Task details »
Please write out the whole listing that follows exactly; the pictures stay out.

Information supplied »

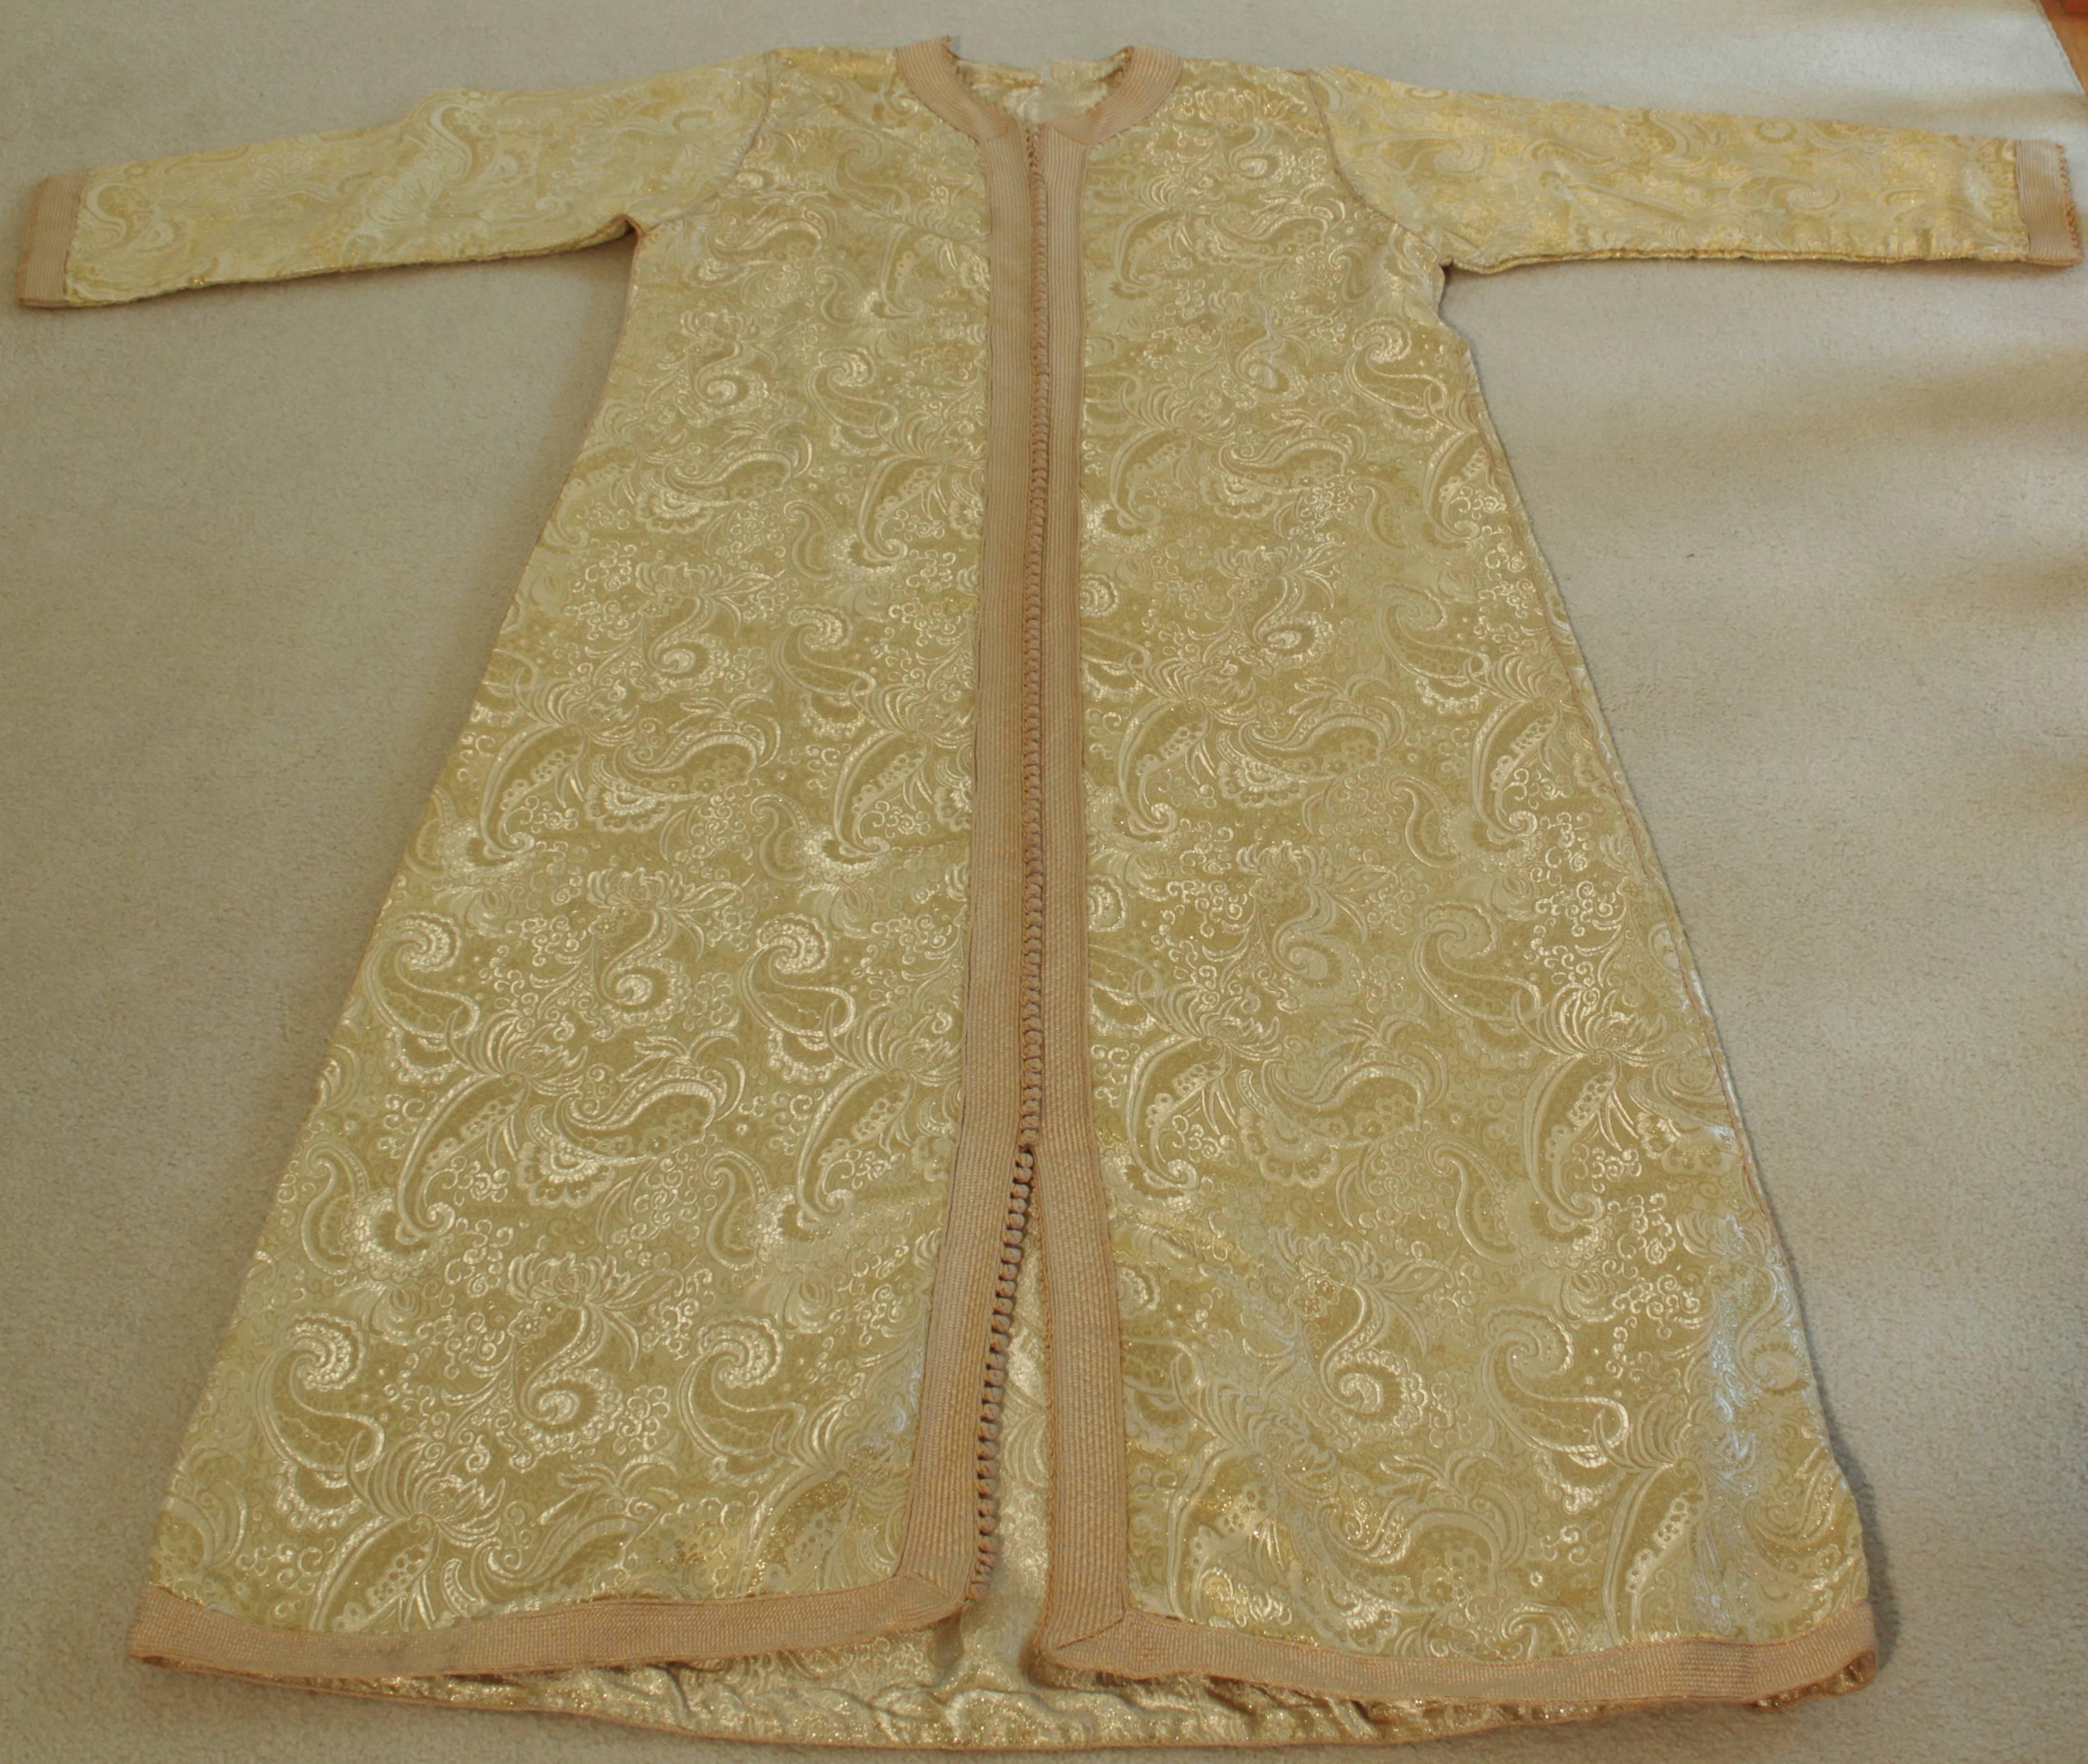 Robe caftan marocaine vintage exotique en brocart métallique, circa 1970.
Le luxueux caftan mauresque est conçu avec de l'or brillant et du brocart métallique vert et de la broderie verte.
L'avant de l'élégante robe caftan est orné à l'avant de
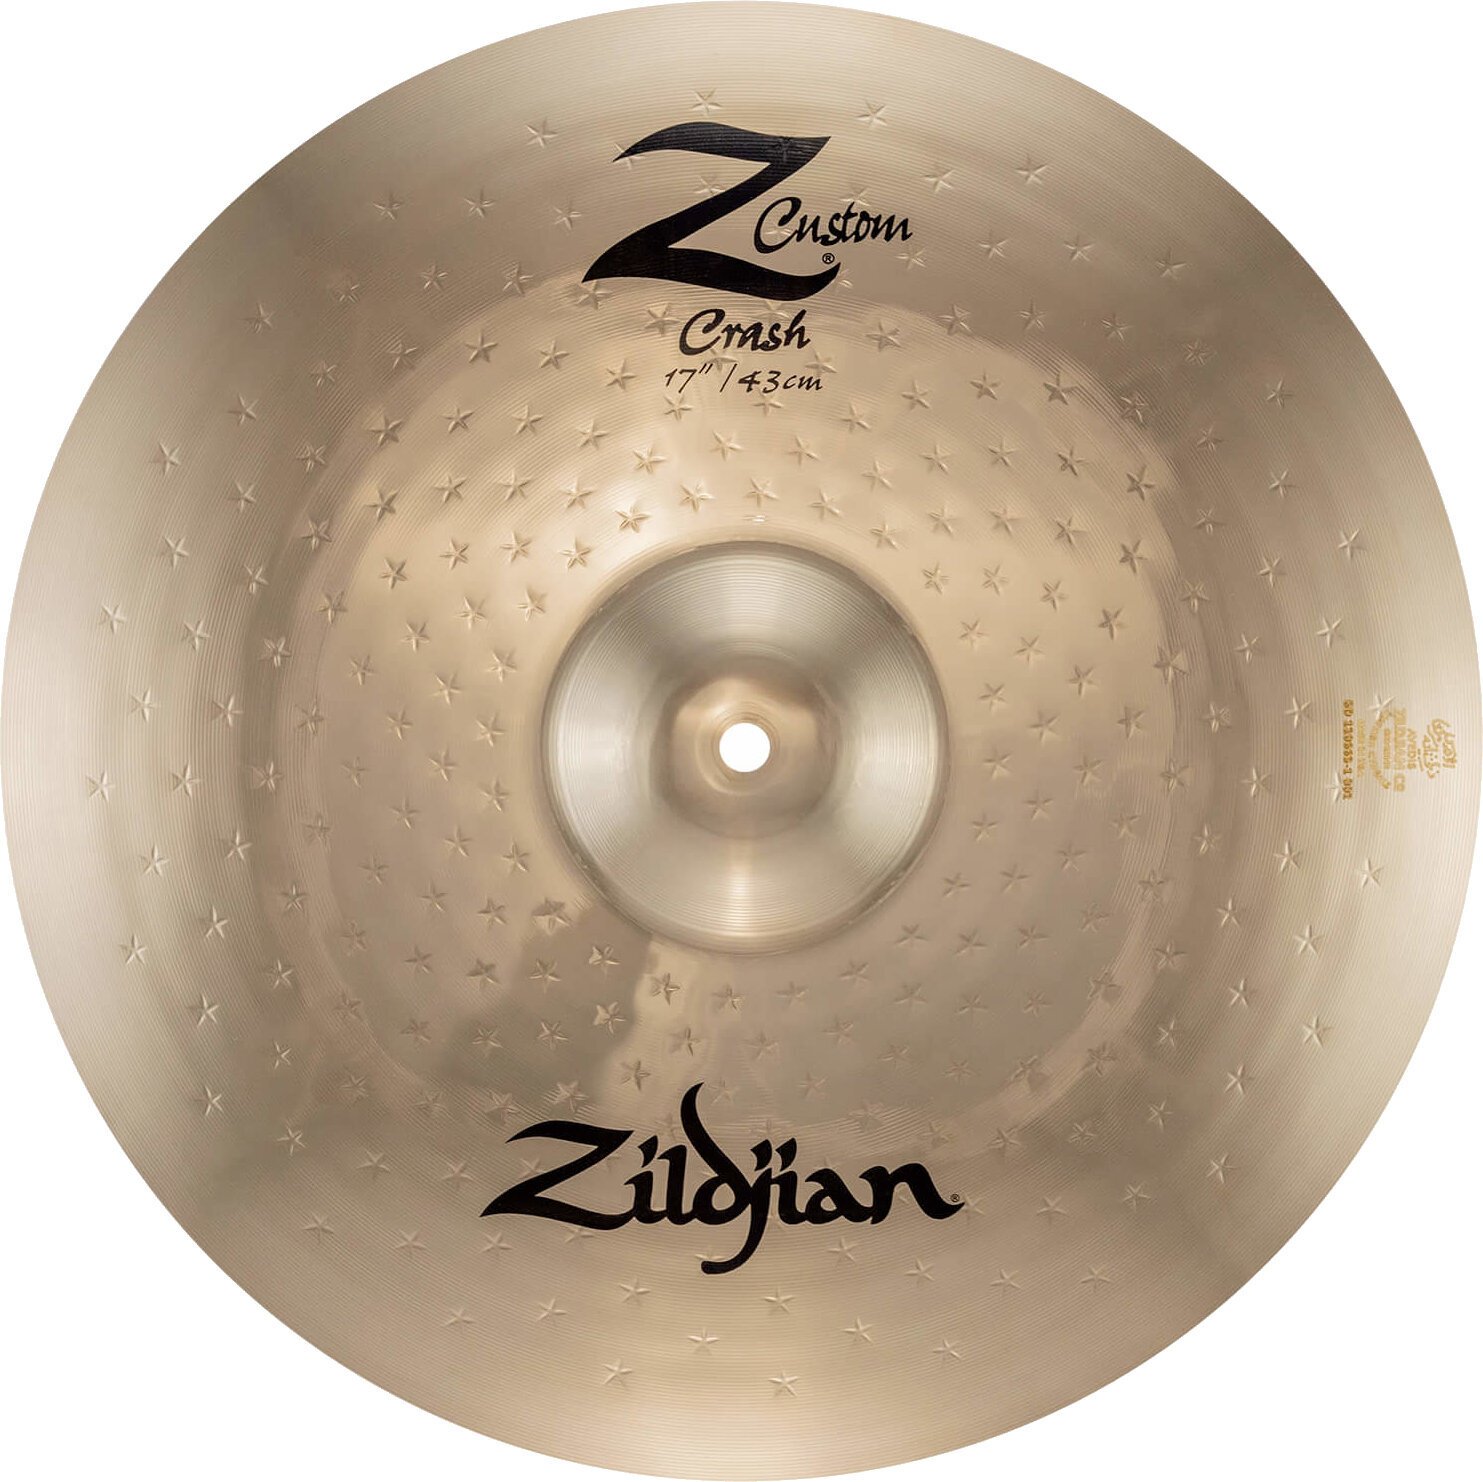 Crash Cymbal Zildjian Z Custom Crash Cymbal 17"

Written solution »
 Robe caftan marocaine vintage exotique en brocart métallique, circa 1970.
Le luxueux caftan mauresque est conçu avec de l'or brillant et du brocart métallique vert et de la broderie verte.
L'avant de l'élégante robe caftan est orné à l'avant de
 Crash Cymbal Zildjian Z Custom Crash Cymbal 17"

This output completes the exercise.